* To do: Starting with the line with "Ketua LP2M IAIN" in the entries below and going on through the line with "Calendario 2016 espa?ol", output every line exactly and nothing more. No pictures.

* Records for this task:

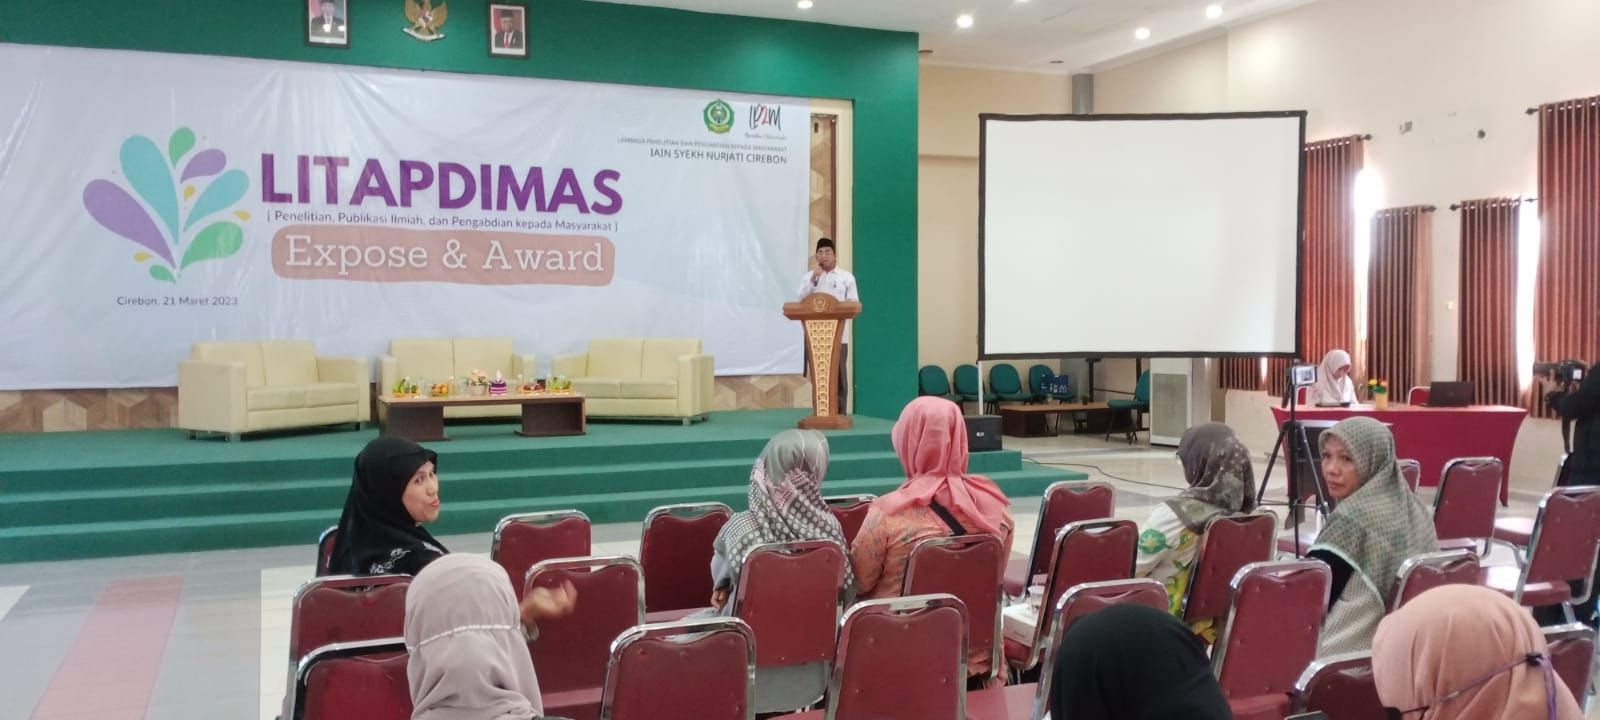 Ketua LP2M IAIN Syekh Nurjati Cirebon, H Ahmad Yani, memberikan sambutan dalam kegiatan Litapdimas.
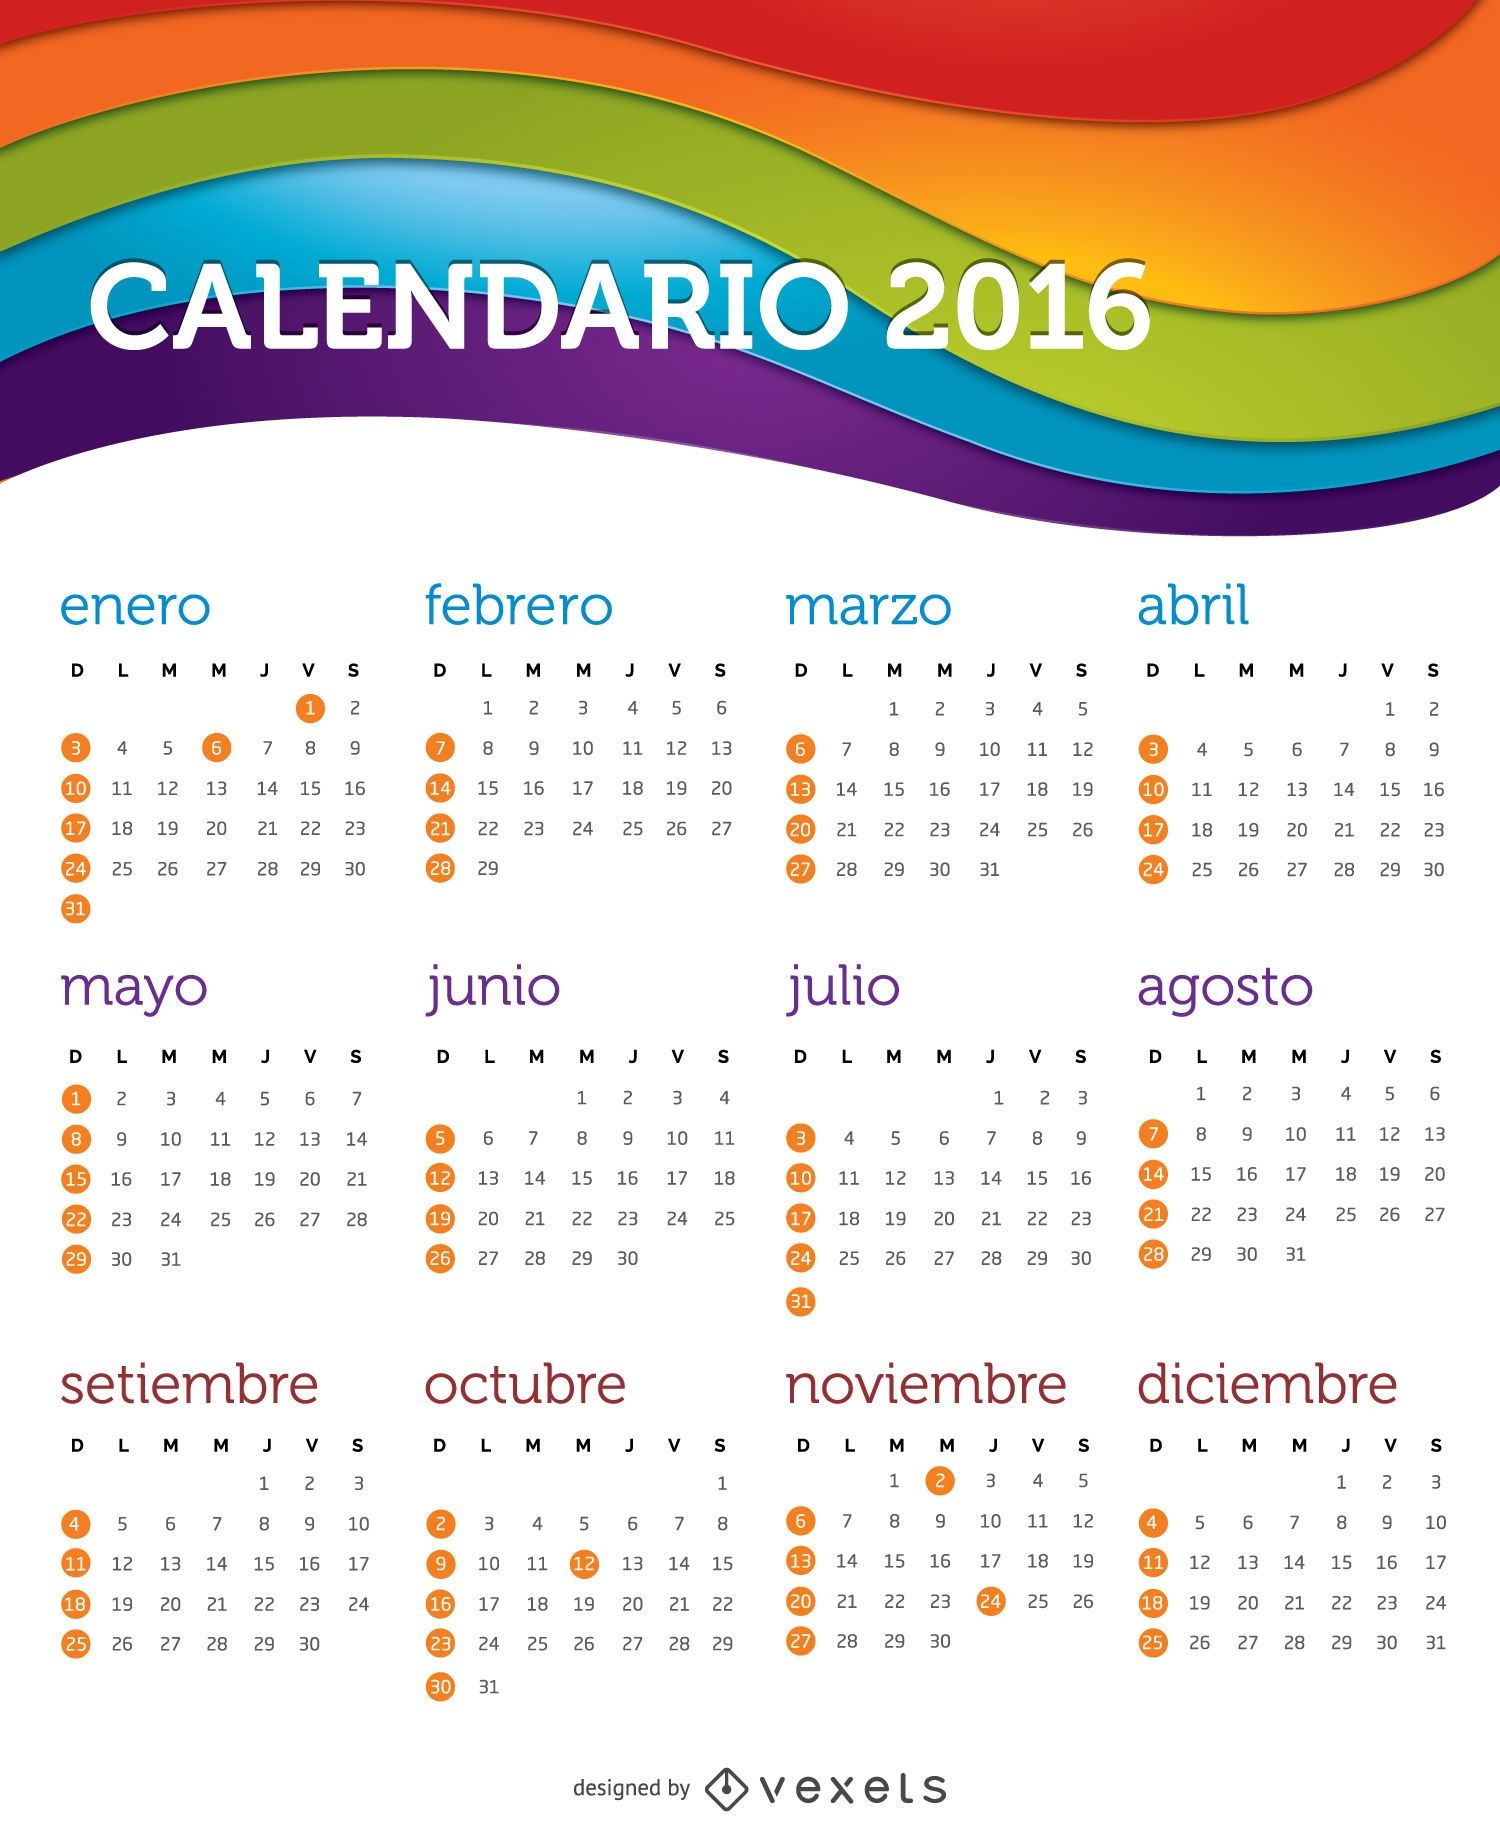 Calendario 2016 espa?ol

* * *

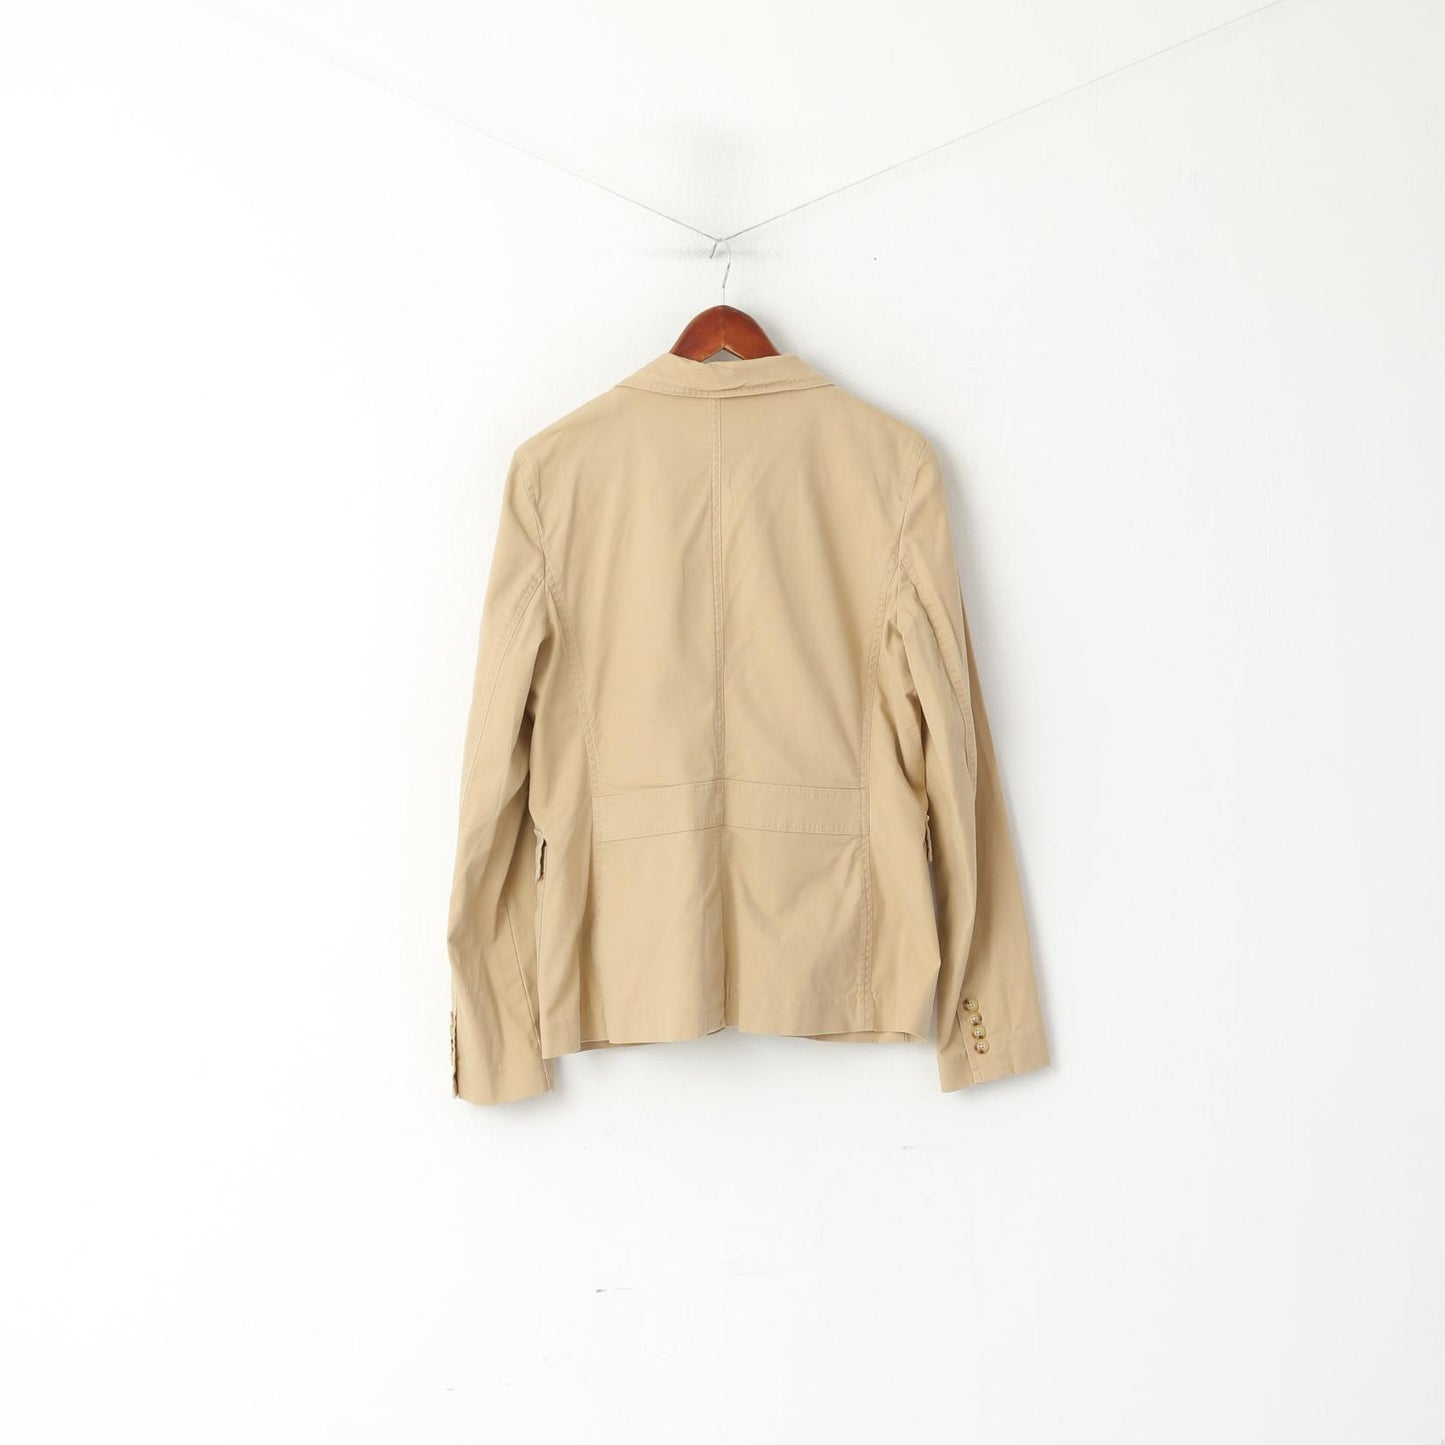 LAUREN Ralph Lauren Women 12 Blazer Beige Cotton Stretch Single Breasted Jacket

* Result for this task:
 Ketua LP2M IAIN Syekh Nurjati Cirebon, H Ahmad Yani, memberikan sambutan dalam kegiatan Litapdimas.
 Calendario 2016 espa?ol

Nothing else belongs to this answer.